These new transactions aimed at younger clients generate financial rewards over a fixed period, generally varying from two to 10 years, and payouts can be tailored to the needs of individual clients and their unique situations. Also, they need not always be designed from scratch. Individuals who already have life insurance policies in force, but who no longer need them, should not allow them to lapse. A specialist in this field can analyze any form of life insurance, whether universal, variable, term or whole life, to determine its realizable value.
Life settlement transactions have varying degrees of rigidity—some cannot be changed, while others may be modified—so clients must consider the consequences of entering into these deals carefully. In most cases, people who exploit all their insurance capacity by obtaining a policy to provide death benefits for their families, and by then monetizing the balance, cannot increase the amount of insurance they carry, unless their insurability value (that is, their projected net worth or income) increases.
Financial advisors who understand this product can help clients find and vet transactions that are most appropriate for their age, net worth and goals. They must consider a range of factors, including the terms of the life insurance policies or programs, the face values, the policy crediting rates and the carriers’ attitude toward the settlement industry. Advisors must scrutinize these proposals for both their long- and short-term considerations—the commission a life agent stands to earn should not be the only issue given serious analysis.

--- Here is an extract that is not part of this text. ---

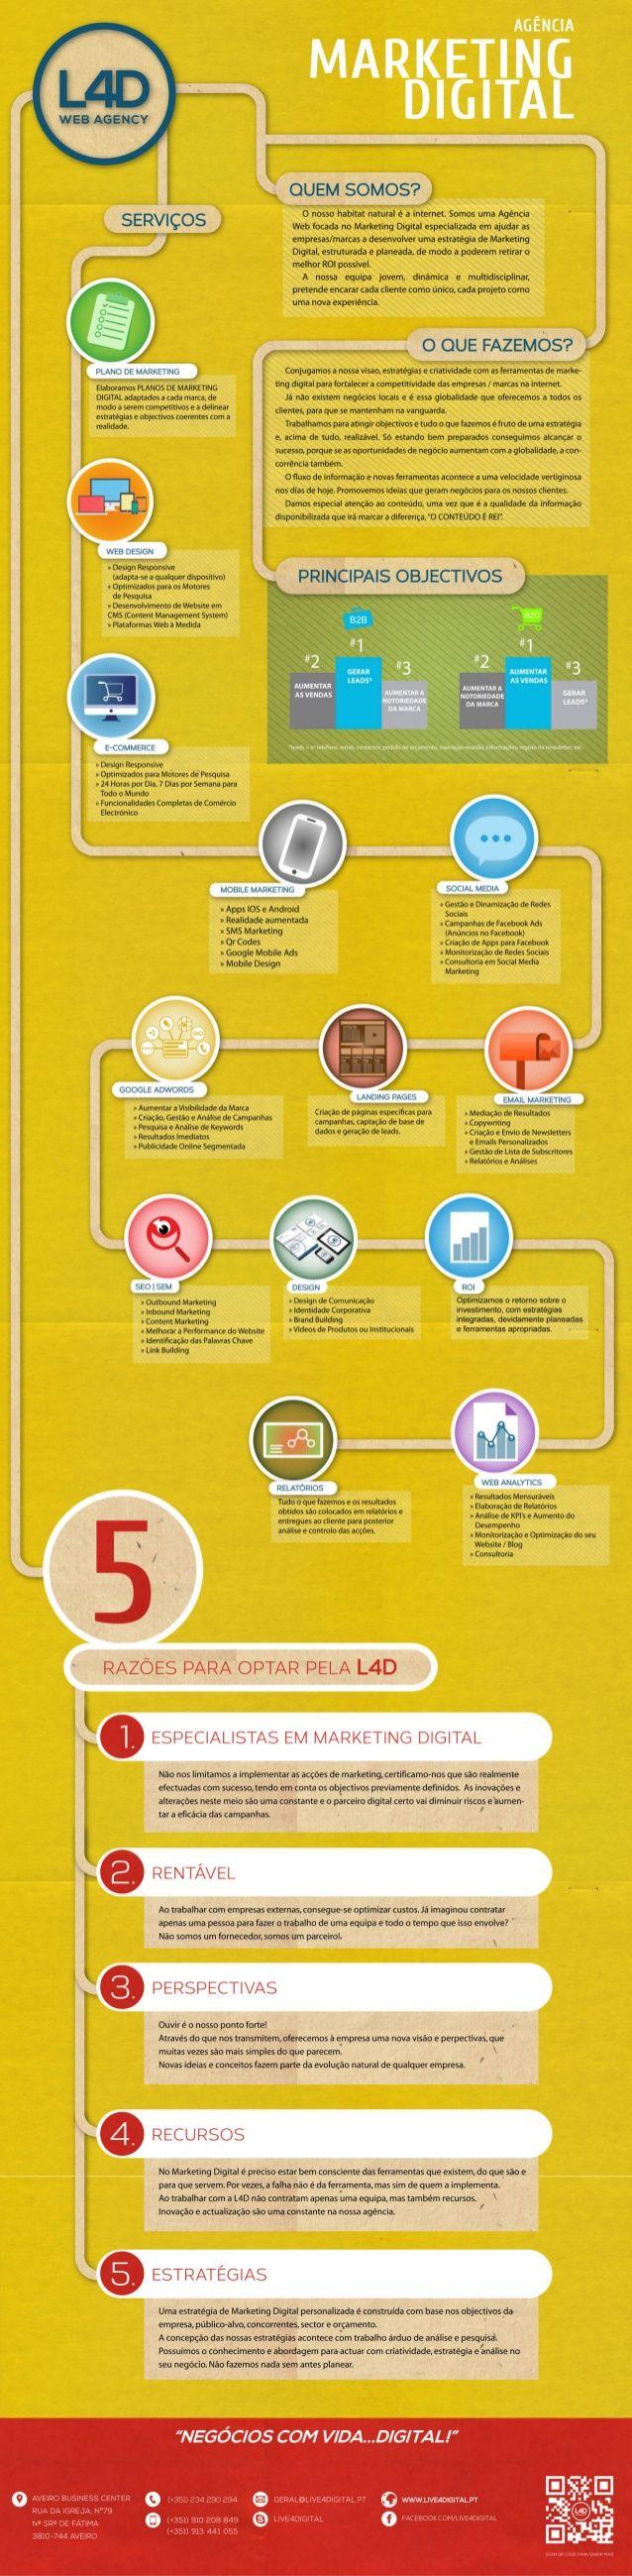 5 motivos para escolher uma Agencia de Marketing Digital (Infográfi...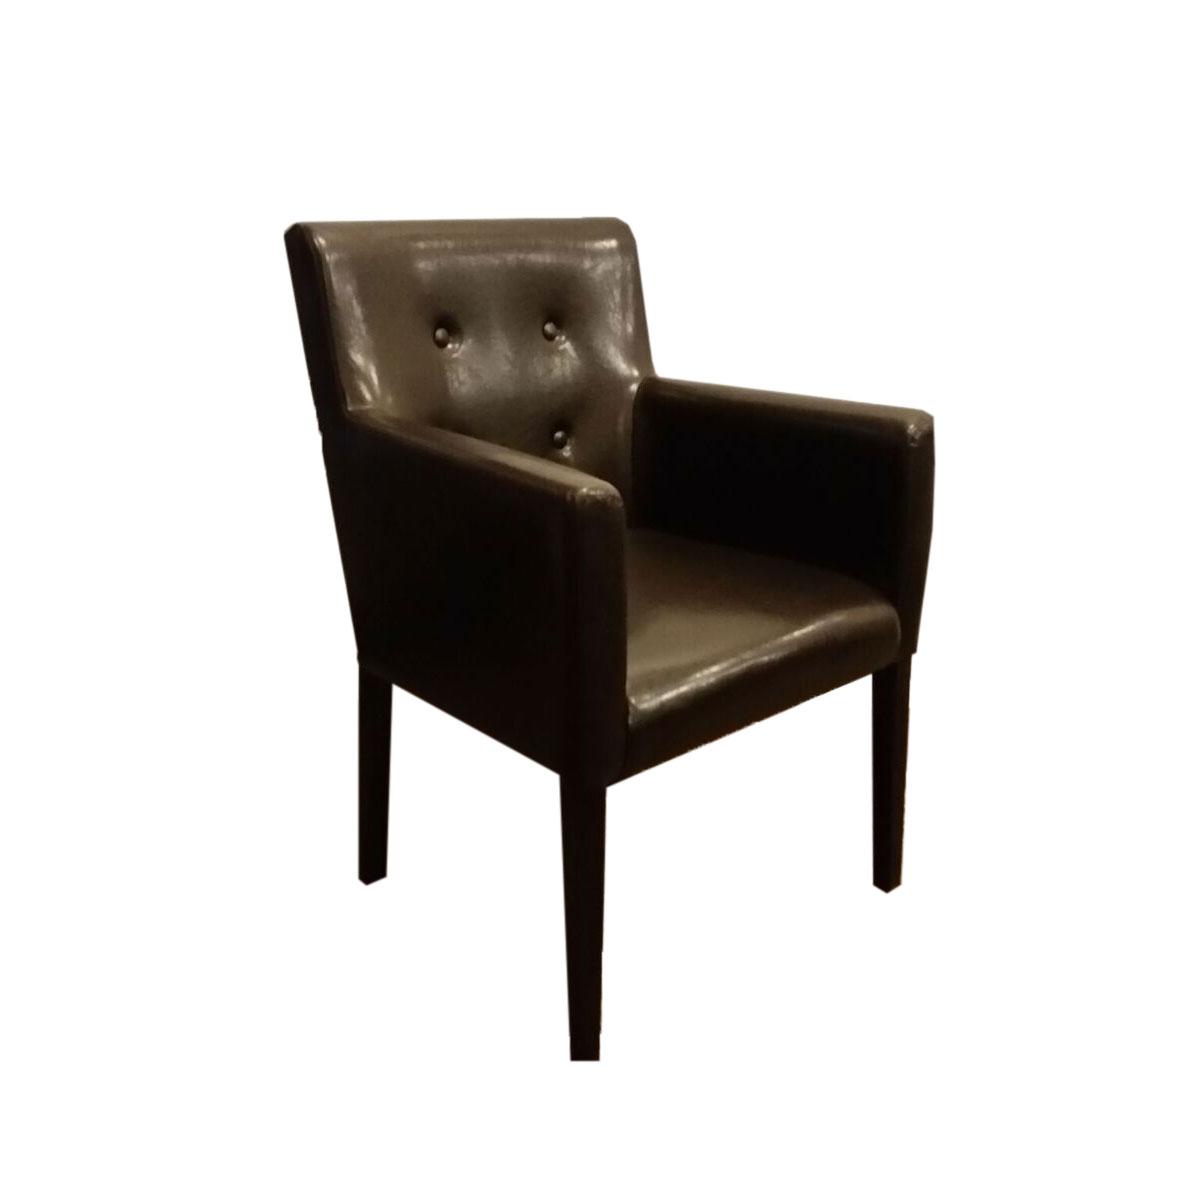 eleganter stuhl salon mit armlehne gastronomiem bel st hle kunstleder. Black Bedroom Furniture Sets. Home Design Ideas

The tax consequences of these transactions also vary. Individuals considering them should determine whether a particular deal’s payout will be treated as capital gains or ordinary income tax; in some cases it is not taxed at all.
Few of us like to consider the financial benefits of our own death; we prefer to dwell on the financial benefits of life. As a result, many individuals have a poor understanding of how to leverage and maximize this sizeable and free asset on our personal balance sheets. Those who take the time to understand it may find it has the potential to add millions of dollars to their net worth.